Varga L, Jovankovicova A, Huckova M, Demesova L, Gasperikova D, Sebova I, Profant M
Bratisl Lek Listy. 2019;120(9):699-702. doi: 10.4149/BLL_2019_118.
The aim of our study is to demonstrate a causal link between two distinct diagnoses, the hereditary hearing loss, and the sudden sensorineural hearing loss.
Sudden sensorineural hearing loss is an emergency condition in otolaryngology and a rare diagnosis in childhood. Most often it only affects one ear and its cause remains unknown.
We present a clinical study of a 10-year-old female patient presenting with bilateral sudden sensorineural hearing loss analyzed by Sanger sequencing of the GJB2 gene.
The subject was referred to the hospital for bilateral sudden hearing loss which developed 3 days before the admission. Audiometric testing confirmed bilateral asymmetric sensorineural hearing loss. All routine diagnostic procedures including MRI and CT imaging showed normal results. She was treated with intravenous and intratympanic corticosteroids followed by hyperbaric oxygen therapy with partial hearing recovery in one ear. DNA analysis of the GJB2 gene identified biallelic c.35delG deletion. The subject had no other affected family members and her auditory development to that time was normal.
Our finding extends the knowledge on phenotype variability in GJB2 variants. We suggest considering genetic testing in pediatric cases of bilateral sudden sensorineural hearing loss (Tab. 1, Fig. 4, Ref. 24).
我们研究的目的是证明两种不同诊断之间的因果关系,即遗传性听力损失和突发性感音神经性听力损失。

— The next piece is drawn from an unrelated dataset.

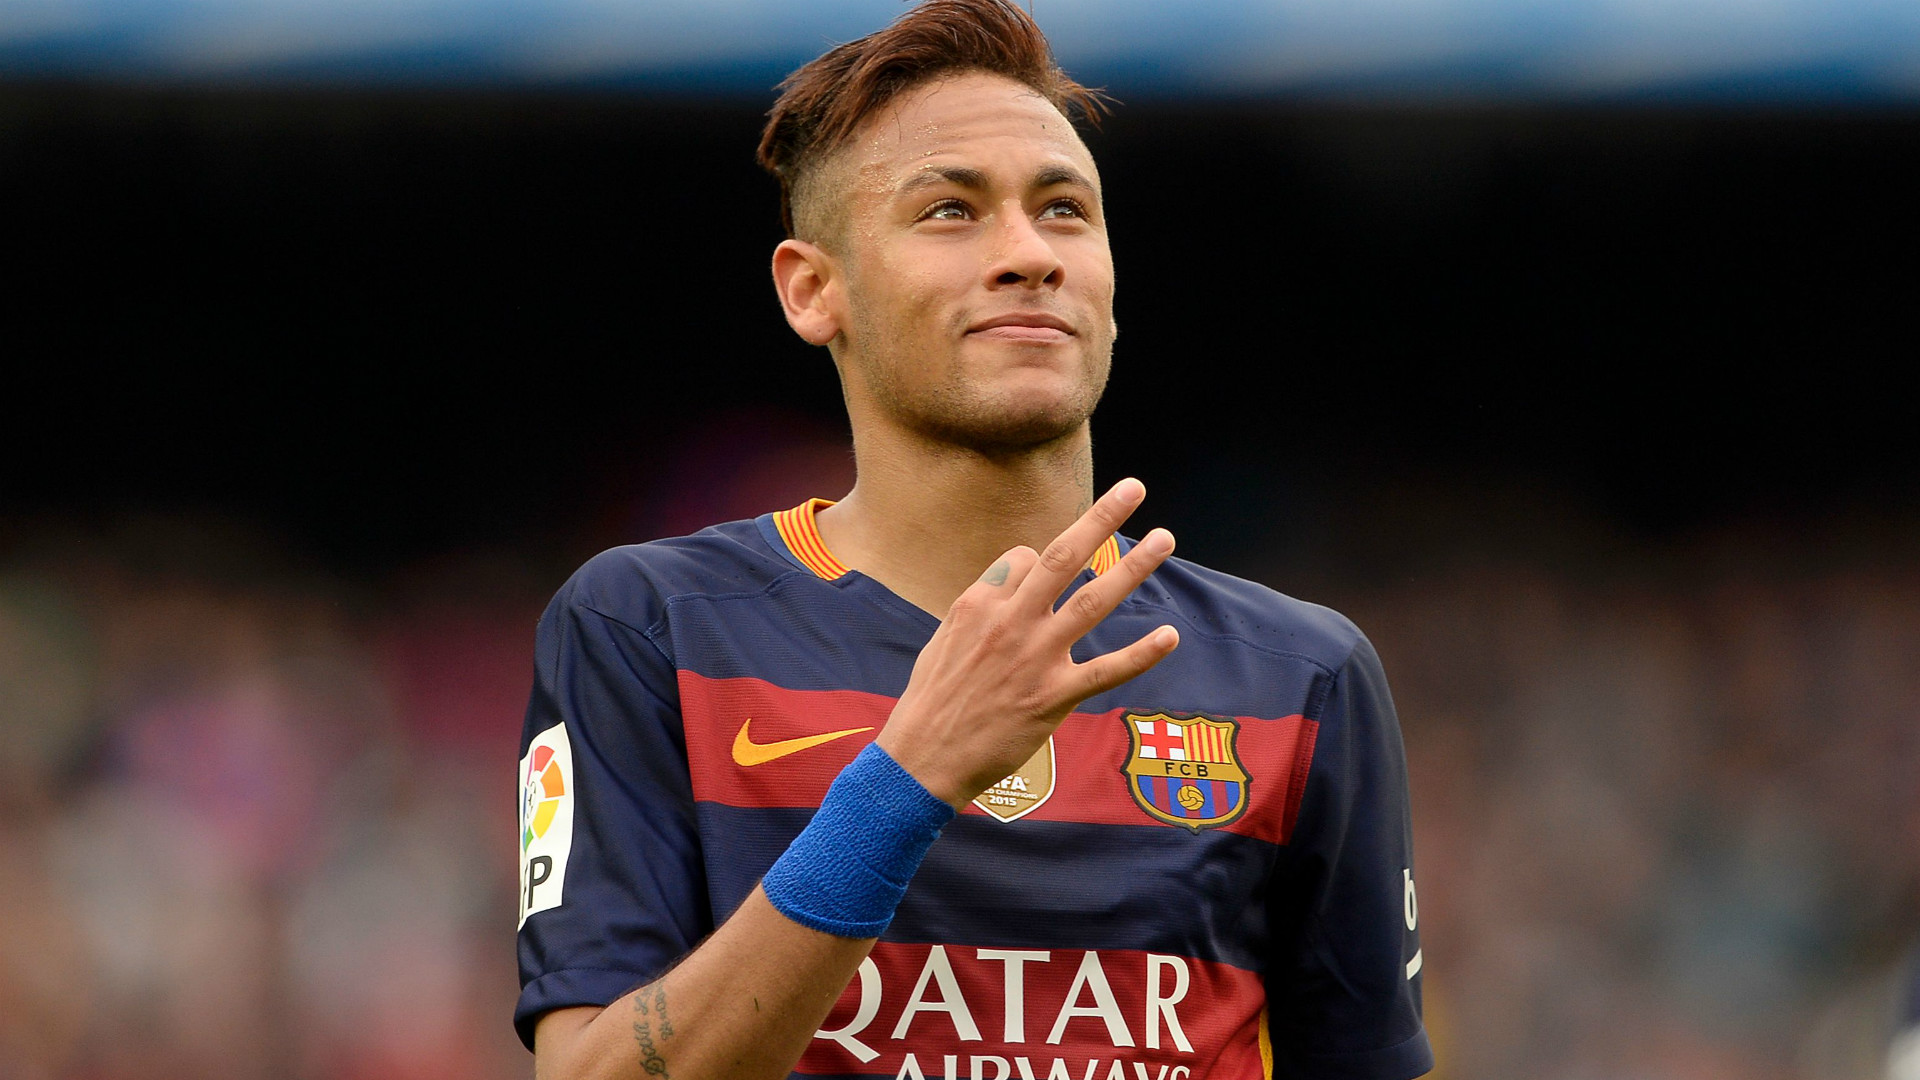 barcelona-neymar-2016-soccer-in-olympic-wallpaper_1.jpg
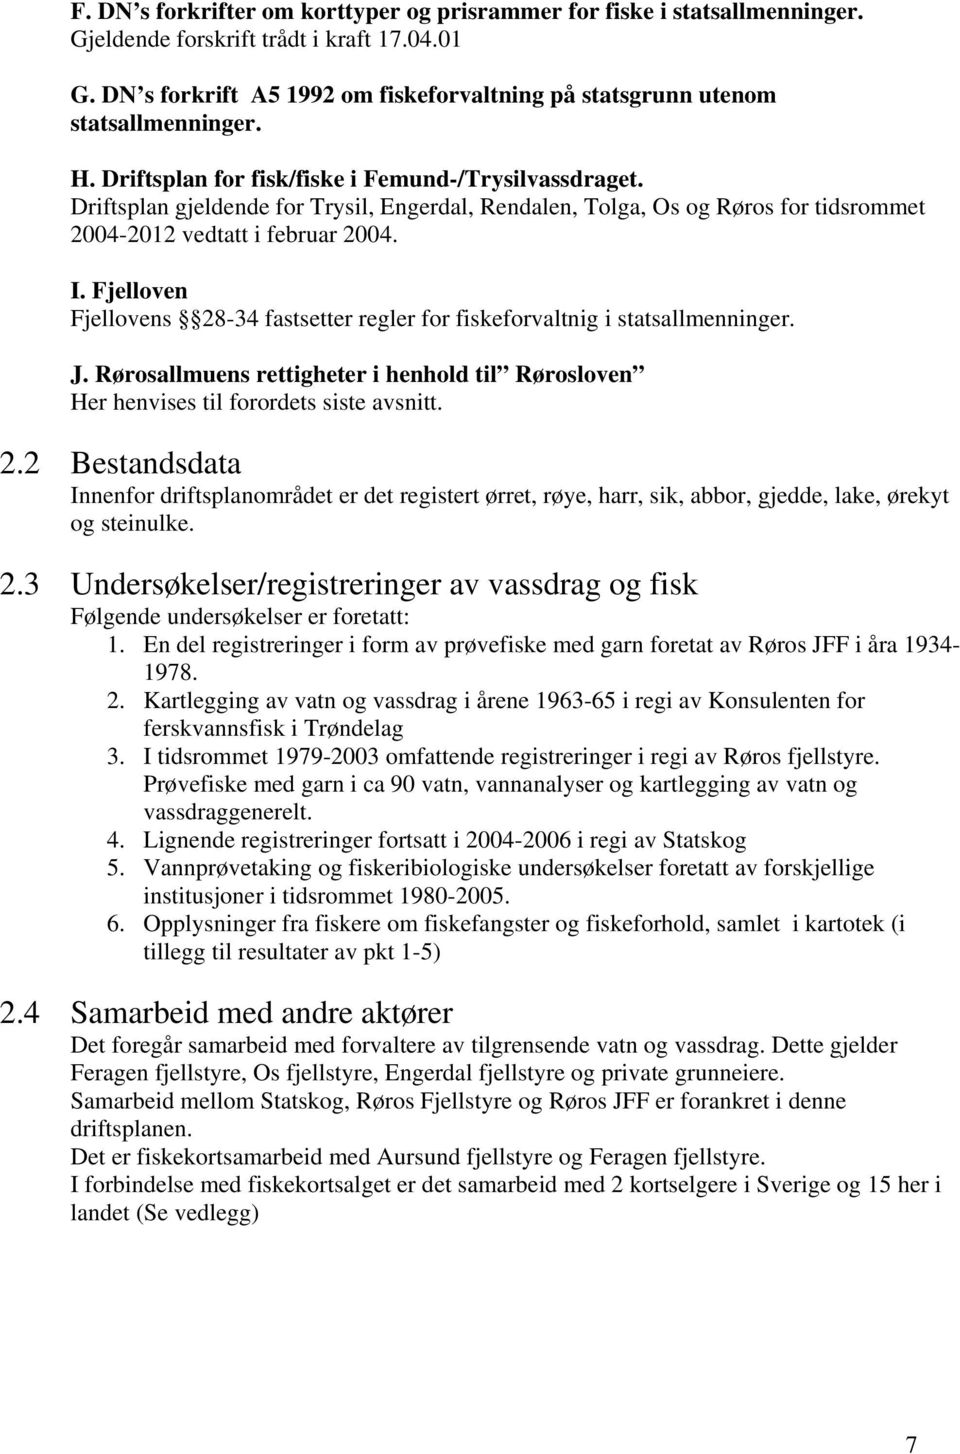 Driftsplan gjeldende for Trysil, Engerdal, Rendalen, Tolga, Os og Røros for tidsrommet 2004-2012 vedtatt i februar 2004. I.

突发性感音神经性听力损失是耳鼻喉科的一种急症,在儿童中是一种罕见的诊断。它最常只影响一只耳朵,其病因仍然不明。
我们对一名10岁女性患者进行了临床研究,该患者出现双侧突发性感音神经性听力损失,并通过对GJB2基因进行桑格测序进行分析。
该患者因入院前3天出现的双侧突发性听力损失被转诊至医院。听力测试证实为双侧不对称感音神经性听力损失。包括MRI和CT成像在内的所有常规诊断程序结果均正常。她接受了静脉和鼓室内注射皮质类固醇治疗,随后进行高压氧治疗,一只耳朵听力部分恢复。对GJB2基因的DNA分析确定了双等位基因c.35delG缺失。该患者没有其他受影响的家庭成员,到那时她的听觉发育正常。
我们的发现扩展了关于GJB2基因变异表型变异性的知识。我们建议在双侧突发性感音神经性听力损失的儿科病例中考虑进行基因检测(表1,图4,参考文献24)。